In [2]:
!pip install -Uqq fastbook
import fastbook
fastbook.setup_book()

In [3]:
from fastbook import *
from IPython.display import display,HTML

## NLP Deep Dive: RNNs
- language model is a model that has been trained to guess what the next word in a text is (having read the ones before)
- called self supervised learning because we do not need to give labels to our model, just fee it lots and lots of text
- Self supervised learning is not usually used for the model that is trained directly, but instead used for pretraining a model used for transfer learning
- better results can occur if you fine tune the sequence based langauge model prior to fine tuning the classification model
    - for instance for IMDB review sentiment analysis we can use 100,000 movie reviews to fine tune the pretrained model that was before trained on wikipedia articles. 
    - this will result in a language model that is particular good at predicting the next word of a movie review and keeping the style consistent. 

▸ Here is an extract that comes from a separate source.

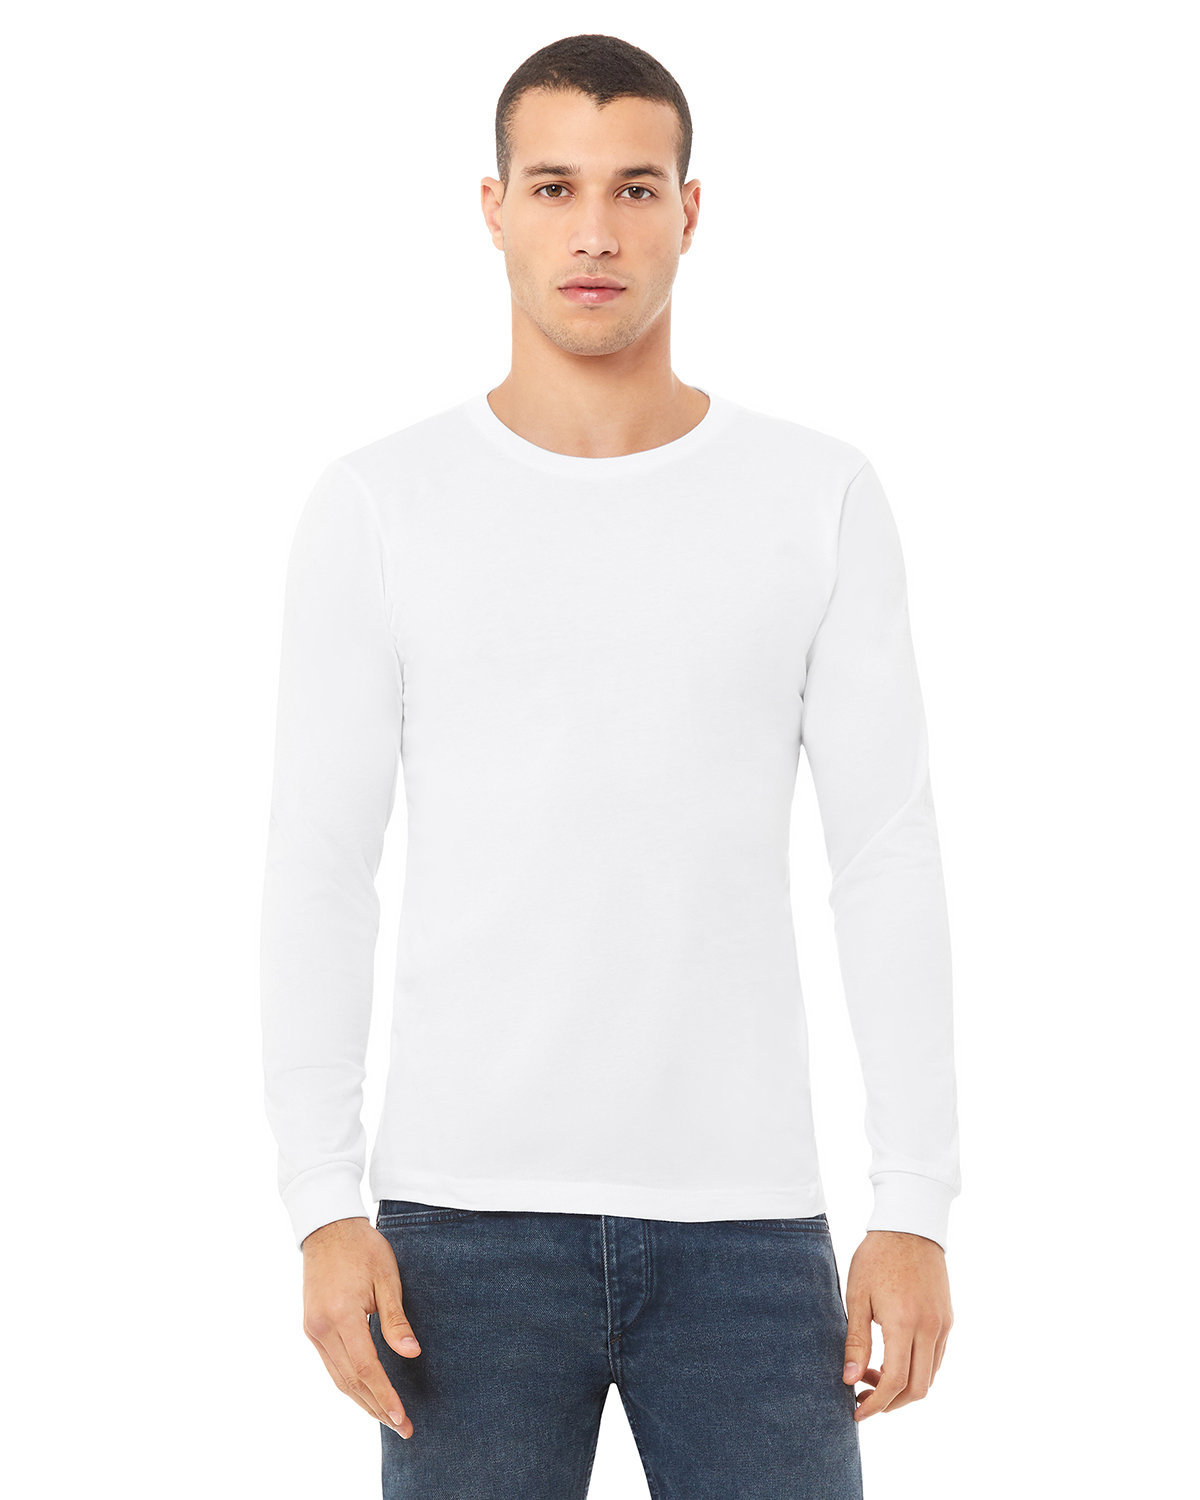 Bella + Canvas Unisex Jersey Long-Sleeve T-Shirt WHITE

- Known as Universal Langauge Model Fine-tuning (ULMFit) appraoch
- an extra stage of fine tuning a language model prior to transfer learning to a classification task resulted in significantly better predictions
- three stages of transfer learning in NLP
    - Wikitext Language Model -> IMDb Language Model -> IMDb Classifier

## Text Preprocessing
- Approach we take for single categorical variable
    - make a list of all possible levels of that categorical variable (called vocab)
    - replace each level with its index in the vocab
    - create an embedding matrix for this containing a row for each level (each item of the vocab)
    - use this embedding matrix as the first layer of a neural net

- The same can be done with text
- Concatenate all documents in our dataset into a long string and split it into words (tokens)
- Our independent variable will be the sequence of words starting with the frist in our long list and ending with the second to last
- the dependent variable will be the sequence of words starting with the second word and ending with the last word
- vocab will consist of a mix of common words that are already in the vocabulary of the pretrained model and new words specific to our corpus (for imdb example actor names or cinematogrphic terms)
- For words in the vocab of our pretrained model we will take the corresponding row in the embedding matrix. New words will be initialized with a random vector

- steps necessary to create a language model
    - Tokenization (converting text into a list of words)
    - Numericalization (make a list of all unique words that appear (vocab), and convert each word into a number by looking up its index in the vocab
    - Language model data loader creation
        - Fastai provides a LMDataLoader class which automatically handles creating a dependent variable that is offset from the independent variable by one token.
        - also handles details such as how to shuffle the training data in a way that the dependent and independent variables maintain their structure as required
     - Language model creation
         - using a recurrent neural network

## Tokenization
- three main appraoches
    - word-based: split sentence on spaces while applying language speicifc rules to try to seperate parts of meaning when there are no spaces.
    - Subword based: split words into smaller parts based on the most commonly occuring substrings. "occasion" might be "o c ca sion".
    - Character-based: split sentence into individual characters

In [4]:
# Word tokenization with fastai
from fastai.text.all import *
path = untar_data(URLs.IMDB)

In [5]:
# grab the text files
files = get_text_files(path, folders = ["train", "test", "unsup"])

In [6]:
txt = files[0].open().read(); txt[:75]

'Jiang Xian uses the complex backstory of Ling Ling and Mao Daobing to study'

In [7]:
# Use WordTokenizer to create tokens
spacy = WordTokenizer()
toks = first(spacy([txt]))
print(coll_repr(toks, 30))

(#143) ['Jiang','Xian','uses','the','complex','backstory','of','Ling','Ling','and','Mao','Daobing','to','study','Mao',"'s",'"','cultural','revolution','"','(','1966','-','1976',')','at','the','village','level','.'...]


In [8]:
# fastai adds additional functionality to the tokenization process with the Tokenizer class
tkn = Tokenizer(spacy)
print(coll_repr(tkn(txt), 31))


(#158) ['xxbos','xxmaj','jiang','xxmaj','xian','uses','the','complex','backstory','of','xxmaj','ling','xxmaj','ling','and','xxmaj','mao','xxmaj','daobing','to','study','xxmaj','mao',"'s",'"','cultural','revolution','"','(','1966','-'...]


In [9]:
# those starting with "xx" are special tokens
# xxbos indicates start of new text (beginning of stream)
# this lets the model know if it needs to forget what was said before (given it is the start of a new stream)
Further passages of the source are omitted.